By Jack Daniel Betz
Because of the infuriatingly difficult spelling of this artist’s name, I shall refer to him by O.
O. is an artist out of time. With the exception of a scant few other names, there are not many who have decided to take up the torch of Aphex Twin IDM, as opposed to the more lucrative and accepted path of EDM. To the NightCulture crowd, EDM artists are essentially gods, and this is true now more than ever. So when a weird, outsider electro artist grows in popularity as quickly as O. has, over the past few years, it’s worth taking note.
As far as the weirdness factor goes, R Plus Seven does not at all disappoint. There’s something manic and unhinged about it, as if O. made the album in a multi-day stretch, never stopping to sleep or eat. These songs do not even necessarily all sound like the same artist. It’s completely unpredictable. There is no standard palette or bank of riffs/fallback gimmicks. Other than the songs being made up of electronic samples, there’s not much else that binds them together than the ever-present vox synthesizer that shows up continually throughout the record.
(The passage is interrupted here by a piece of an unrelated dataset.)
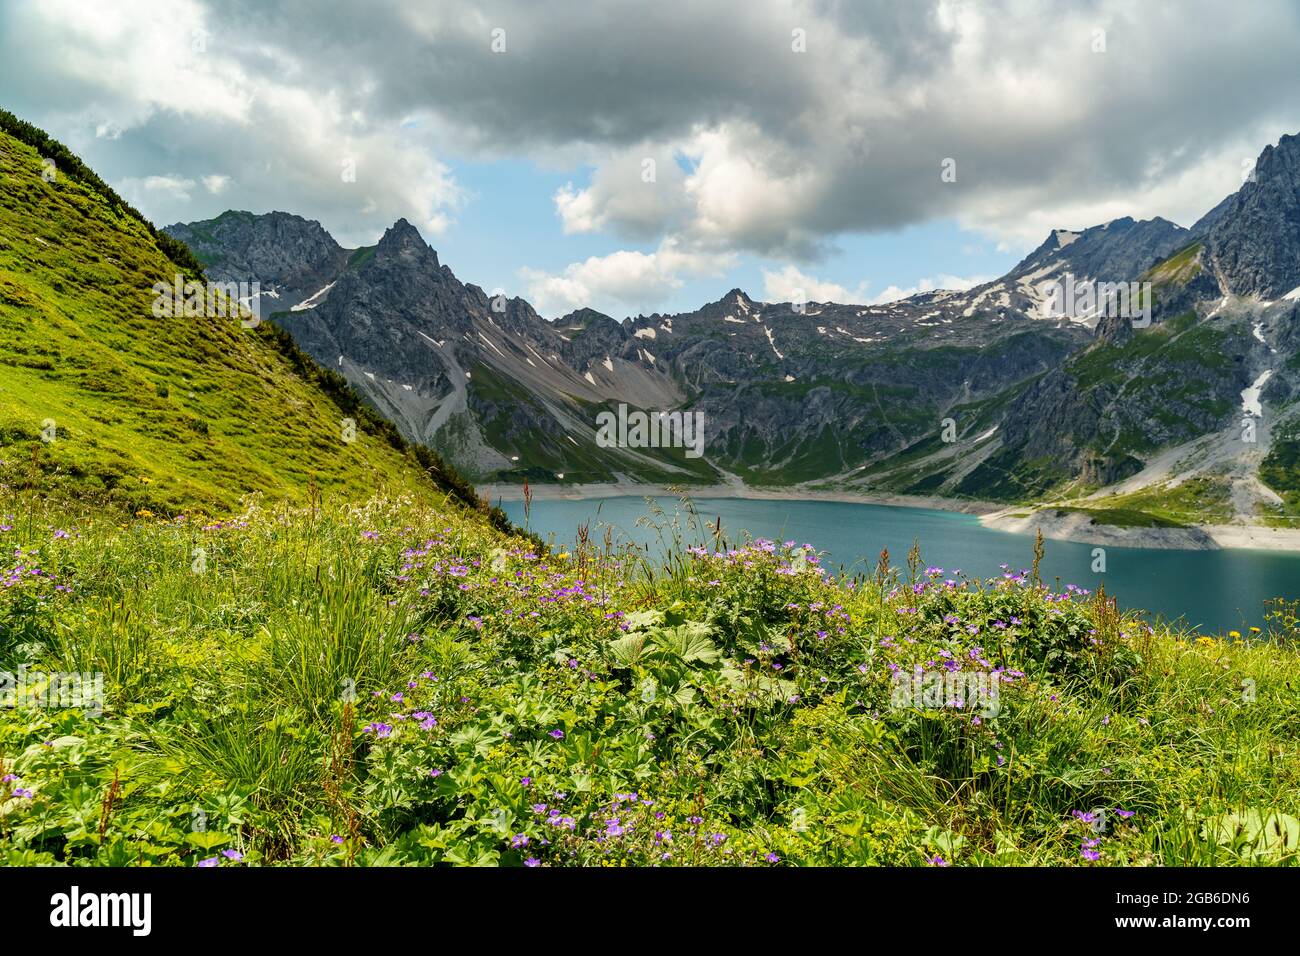 colored flowered meadows with daisies, alpine roses an other flowers. Brand valley reservoir with steep, stony mountains of Vorarlberg in background Stock Photo

There are two major points of orthodoxy on the record though; these two songs sound like they could have been done by Fuck Buttons or someone else in that more rhythmic category of electro. “Zebra” and “Problem Areas” could easily fit into any Urban Outfitters mix tape and not raise any eyebrows, which is something that balances the record a bit. Other than those, we are left with a whole lotta weird to sift through (which is not necessarily a bad thing).
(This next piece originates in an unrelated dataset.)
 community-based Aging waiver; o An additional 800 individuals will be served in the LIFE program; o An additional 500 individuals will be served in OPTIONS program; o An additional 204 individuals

If there’s one song on the album which leads the pack for random, fiddling experimentation though — it’s “Inside World.” The sound is reminiscent of a video game, but one where someone has blindfolded the player and only allowed them to listen to the noises of what the character was doing, or what powerups they were grabbing. For some of the people who really liked “Zebra” and “Problem Areas,” it might be the track that causes them to write off the whole ordeal.
The record gets rounded out with the prettier, more delicate “Cryo” and “Chrome Country.” These songs show O.’s true strength as a craftsman of calm, ethereal sounds and ambiance: A skill that gets lost on the first half of this odd record.
Highlights of O.’s past career are mostly of this more minimalist quality. The replay value of the whole record is on the lowe side, compared to O.’s dark, spacey, 2012 full-length, but one thing is for sure: It’s never boring. There’s a reason that Animal Collective (kings of electronic freakishness) chose this guy to play at All Tomorrow’s Parties.